Consider the following text taken from the front page of the old Identity Project homepage at Harvard.

The concept of identity seems to be all the rage now in the social
sciences. A critical focus of process oriented scholarship
concerns why and how the social groups to which we belong 
whether ethnic, national, or transnational influence the
knowledge, interpretations, beliefs, preferences, and strategies, that
underlie both our individual and collective behavior. In addition, it
appears that scholars have come to recognize that much discourse by
actors is, broadly speaking, identity discourse; that is, actors use
particular adjectives that describe the self and others in order to
achieve goals, and these articulated self descriptions also serve as
motivations for behavior.

It is accurate to say, however, that there is not much consensus on
how to define identity; nor is there consistency in the procedures
used for determining the content and scope of identity; nor is there
agreement on where to look for evidence that identity indeed affects
knowledge, interpretations, beliefs, preferences, and strategies; nor
is there agreement on how identity affects these components of
action. At its simplest, the problem is that in social science there
is no consensus on how to treat identity as a variable. Not that we
should fetishize consensus but its absence reflects the dearth
of work on some basic questions about how to conceptualize and study
identity. We prefer to put the problem this way: If identity is a key
independent variable explaining political, economic, and social
behavior, how does it vary, why does it vary, and how would one know
variation if one saw it?

The aim of this project is to develop conceptualizations of identity
and, more importantly, to develop technologies for observing identity
and identity change that will have application in the social
sciences. Heretofore the usual techniques for analyzing identity have
consisted of hard-to-replicate discourse analysis or lengthy
individual interviews, at one extreme, or the use of large-N surveys
at the other. Yet, much social science research relies on historical
and contemporaneous texts. We hope to develop computer-aided
quantitative and qualitative methods for analyzing a large number of
textual sources in order to determine the content, intensity, and
contestation of individual and collective identities at any particular
point in time and space. These methods will add to the portfolio of
existing methods. It will allow researchers to approach identity
research with a wider range of tools, including more rigorous and
replicable methods of analyzing identity as an independent (and
dependent) variable.

Very often we want to see a keyword in context (KWIC), e.g. the word and the three words either side.
With the following script we will be able to type:

python idtext.txt identity 3

and get back all the instances of the word ‘identity’ in the following document.
When it’s working, output will arrive in the console, and should look like this:

The concept of [identity] seems to be
is, broadly speaking, [identity] discourse; that is,
how to define [identity;] nor is there
and scope of [identity;] nor is there
for evidence that [identity] indeed affects knowledge,
agreement on how [identity] affects these components
how to treat [identity] as a variable.
conceptualize and study [identity.] We prefer to
this way: If [identity] is a key
develop conceptualizations of [identity] and, more importantly,
technologies for observing [identity] and identity change
observing identity and [identity] change that will
techniques for analyzing [identity] have consisted of
researchers to approach [identity] research with a
methods of analyzing [identity] as an independent

The script is reproduced below. We’ll go through it line by line, since there aren’t very many.

import sys, string, re

# command line arguments
file = sys.argv[1]
target = sys.argv[2]
window = int(sys.argv[3])

a = open(file)
text = 

tokens = text.split() # split on whitespace
keyword = re.compile(target, re.IGNORECASE)
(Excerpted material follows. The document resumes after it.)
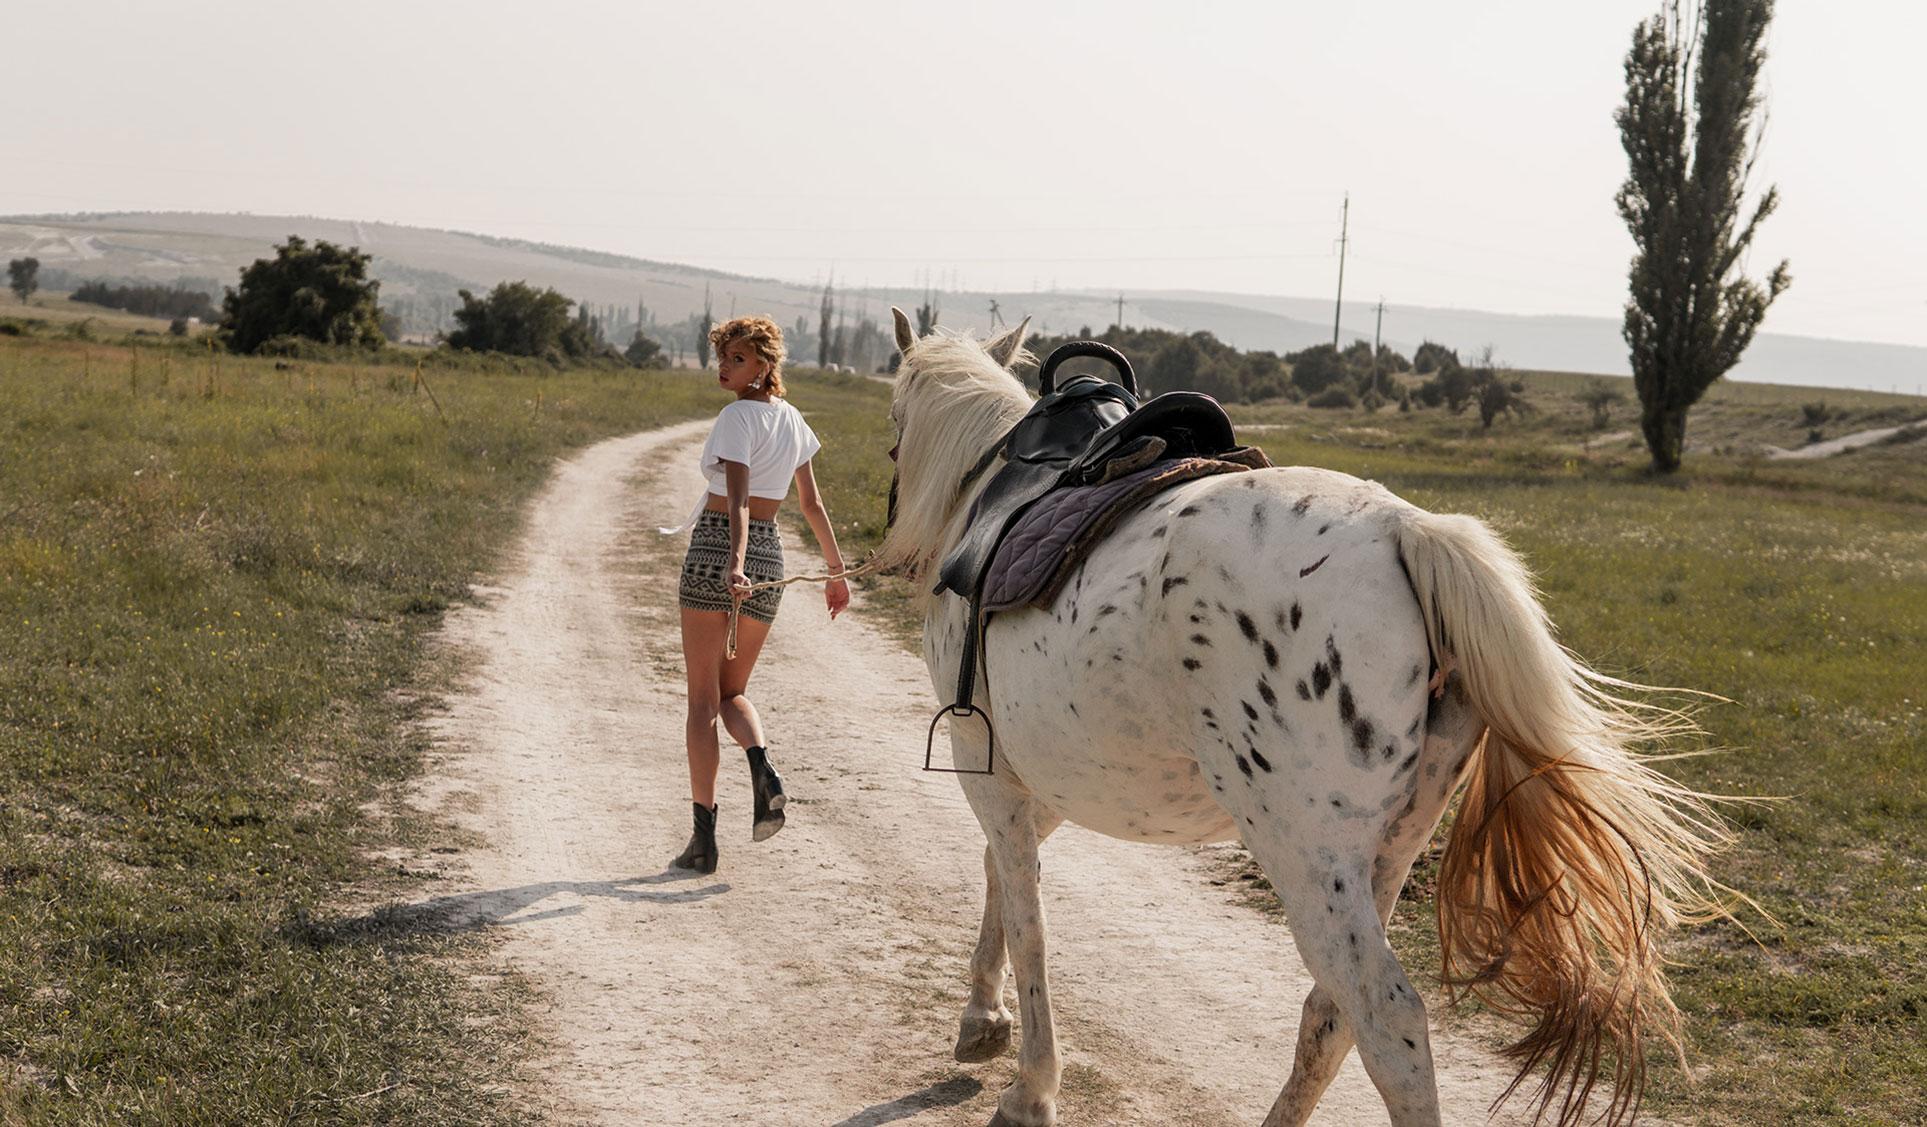 Девушка и лошадь / Даша Степанова в журнале Picton / фото 01

for index in range( len(tokens) ):
    if keyword.match( tokens[index] ):
        start = max(0, index-window)
        finish = min(len(tokens), index+window+1)
        lhs = string.join( tokens[start:index] )
        rhs = string.join( tokens[index+1:finish] )
        print "%s [%s] %s" % (lhs, tokens[index], rhs)
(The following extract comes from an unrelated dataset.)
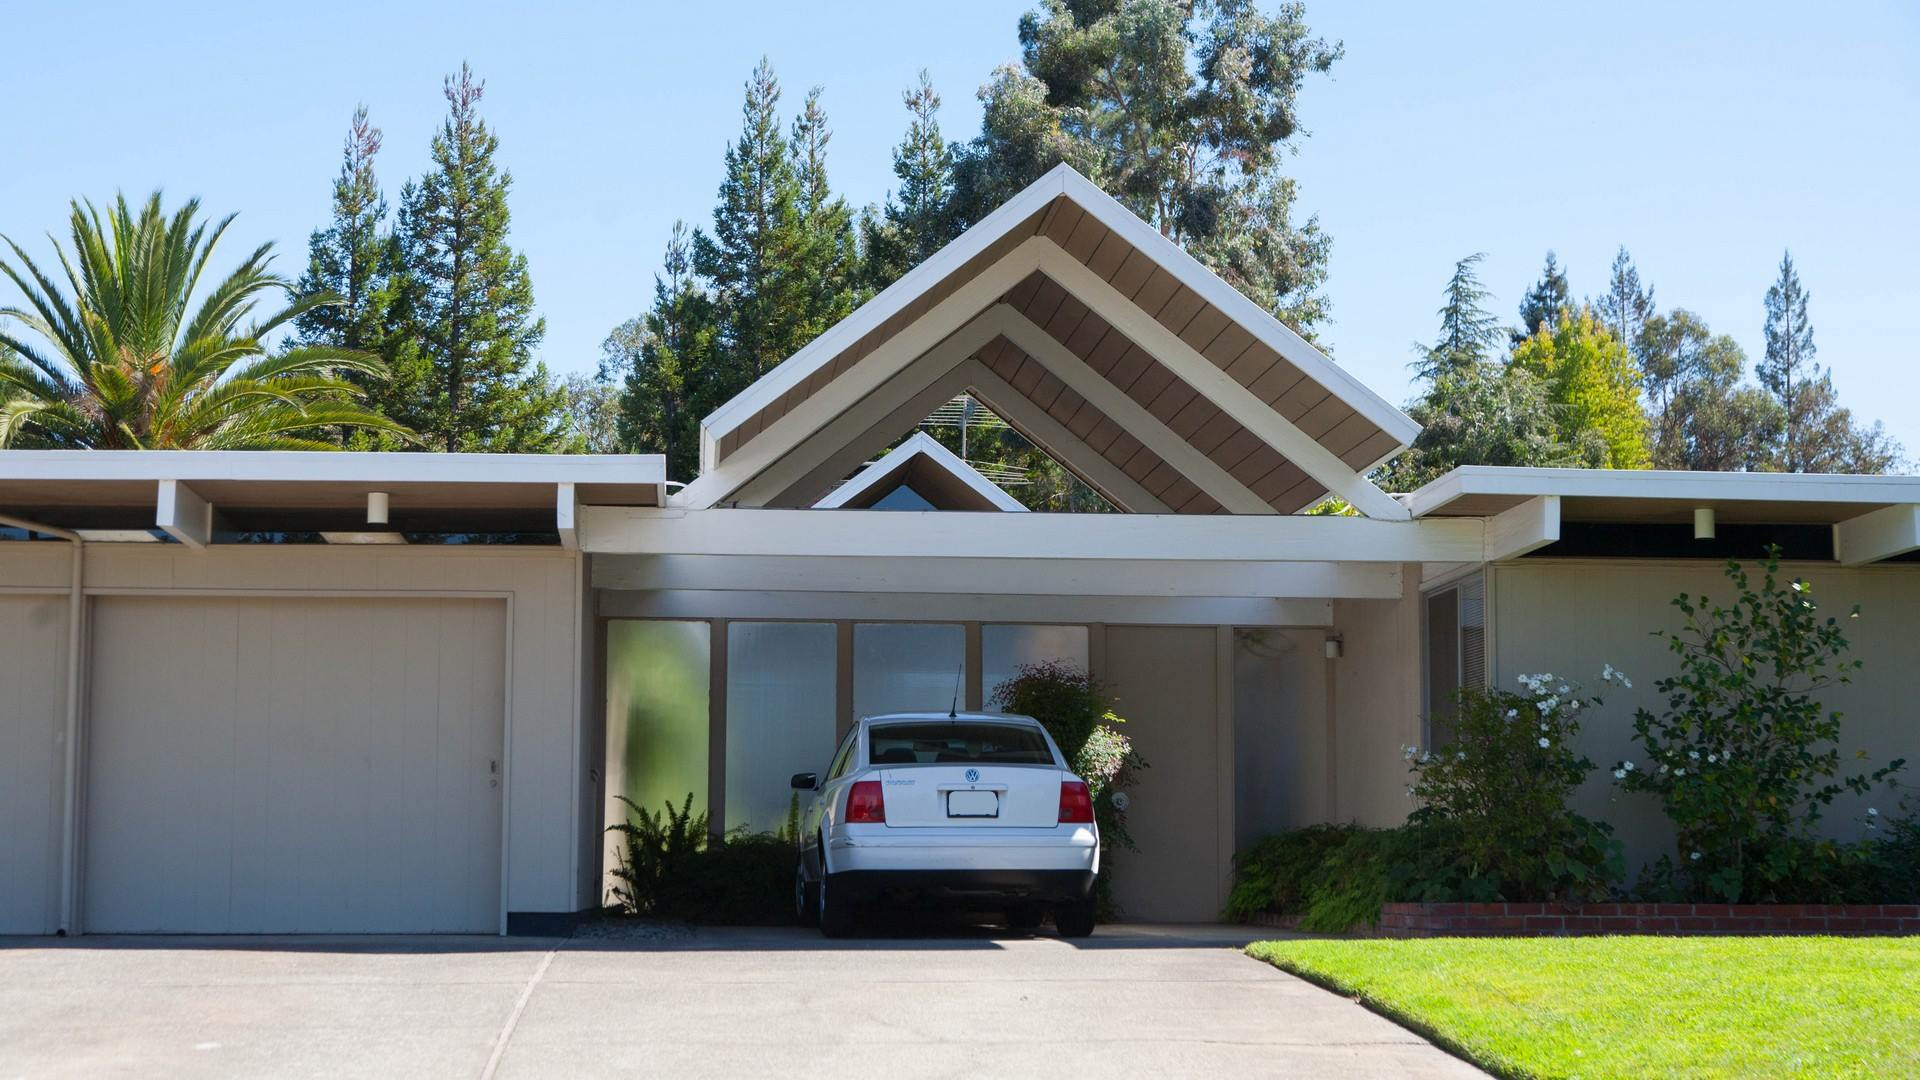 Saratoga eichler homes south bay eichlers for Eichler homes for sale bay area

First, we import some modules that provide useful functions. Next we get the command line arguments. (Any text after ‘#’ is a comment.) sys.argv is an array containing everything on the command line. Thus, sys.argv[0], which we ignore, is the script name (computers count from zero), sys.argv[1] is the filename, sys.argv[2] is the keyword, and sys.argv[3] is the context window size.sys.argv[3] is treated as a string by default, so we convert it to an integer with int().

Having got the relevant information, we open the file and read contents into the variable text. Next we split the text into words using thesplit function of the string module. split assumes that words are anything separated by whitespace. This won’t work generally, but it’ll do for now.

We could simply look for exact copies of the keyword, but often a substring match is more useful; trailing bits of punctuation won’t spoil our match. Also, we don’t care about case. To make this all happen we compile a regular expression from the target.

Finally we walk through the array of words, looking for our matches. If keyword matches the array element at the current index, we want to print out the matching word, surrounded by its context. We compute start and finish indices of the context explicitly to ensure we don’t ask for a negative index or one past the end of our array. Finally, we construct the left and right hand sides of the concordance, and print out the result using a simple template.

There are no doubt hundred of ways to improve and extend this script, but it does what it is meant to. So, on to more interesting tasks.

Dictionary-based content analysis in 41 lines

The heart of most content analyses is a dictionary that assigns words to categories. In its simplest form a dictionary is just a set of words under different heading, e.g. this one, which we might save as egdict.txt.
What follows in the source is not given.